Thanks for editing the excel sheet.  I will take a closer look in a minute, but I was too enthusiastic to reply, so I did this first.

I think the formula's are correct (but I could be wrong).

If you increase the efficiency, the power from the wind increases.  If you look at the graph you will see that it seems that the power of the generator decreases, but look at the values on the Y-axis: they have changed!  In fact the power from the wind has increased, but the generator is still the same.  So the power from the generator is lower with respect to the power from the wind.  I hope this clarifies it!

For the value of 'power from generator':

The power of the generator is at it's maximum when the load is equal to the internal resistance.  That means: if I have a generator with an open voltage 'voltage' and an internal resistance 'resistance'.  And if I put a load with 'resistance' ohms, The current flowing through the load is equal to voltage / (2 * resistance).

Multiplying this with the voltage gives me the power.

[apie]

Thanks for the new version!

However I noticed a small error in cell E3.  The area is equal to Pi*radius*radius (not diameter).

But this illustrates the need for this in the spread-sheet.  Thanks!

[wind4Reg]

Hi apie, here is where my constants come from

Air Density Factor = 0.6125 (Based on an air density of 1.225 kg/m3)

Energy Pattern Factor = 1.91 (Rayleigh distribution)

When these two are multiplied together together it comes to 1.17 which is an attempt at a closer value than the standard 1.22. That is fine, I wouldn't split hairs over .05 difference in our air density numbers. The real question is where the 1/2 comes from at the beginning of your equation which is essentially cutting the power in the wind in half right from the start for some reason. My question was why do you cut the power in the wind in half by multiplying it by 1/2 at the beginning. You said your formula comes from E=1/2 * m * v^2 and have tried to find that formula using Google but can't get any results in English. What is that formula (E=1/2 * m * v^2) for? It seems like it must be for something else since the v is squared instead of cubed and the m looks like it represents mass instead of air density. The formulas I have from Paul Gipe's wind power book do not cut the power in half when calculating the power in the wind. All I really wanted to do was get to the bottom of why there are two different formulas for the same thing and which one is the right one? It is pretty bad if we don't have a standard formula for calculating the power in the wind for a given swept area, at a given windspeed, at a specific efficiency.

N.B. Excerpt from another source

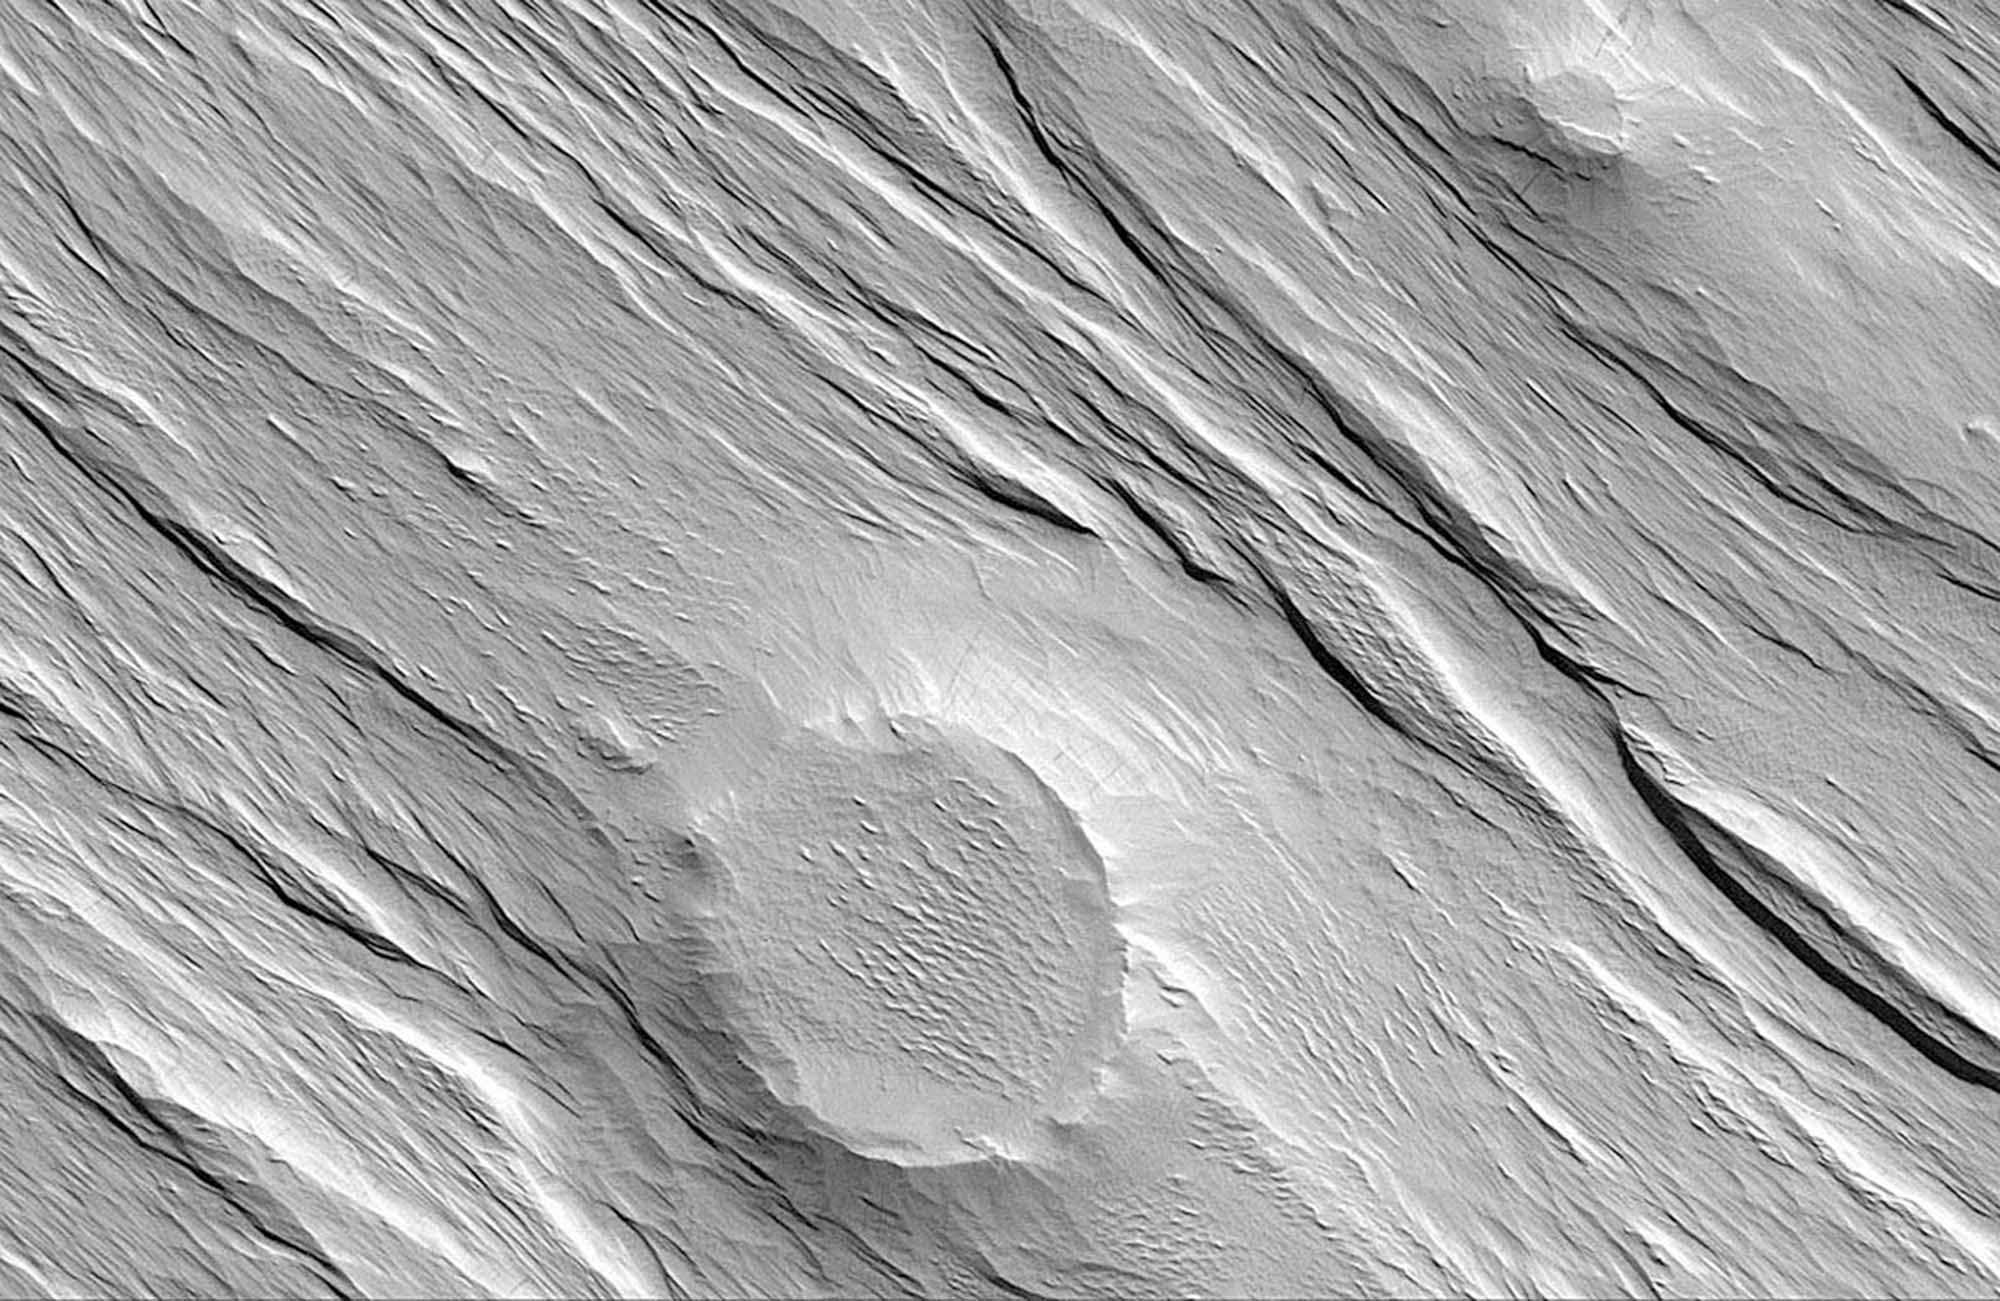 Memnonia Sulci region of Mars

Don't get me wrong, I am not saying the formula I have is the right one, it just seems like there are two formulas out there for the same thing, and if your's is correct then that drastically lowers the power output that one can expect from a wind turbine.

wind4Reg

[The Crazy Noob]

oops, overlooked that, it's corrected now.

[apie]

wind4Reg, the formula I gave is that of kinetic energy.  My physic books tell me that kinetic energy of a moving mass is equal to 1/2 m v^2.

In this case, air is moving.  That means we have to know the mass of air that is moving through the wind-turbine in one second (as we want power = energy/second).  That is equal to the volume of the air times air density.  The volume of the air passing through the turbine in one second is equal to the swept-area times the speed of the wind (v).

If you combine all this, you get:

 power = 1/2 * mass * v^2 = 1/2 * density * volume * v^2 = 1/2 * density * area * v * v^2 = 1/2 * density * area * v^3

I hope this clarifies my formula.  I must say, I still don't get yours though.  What is 'Rayleigh distribution'?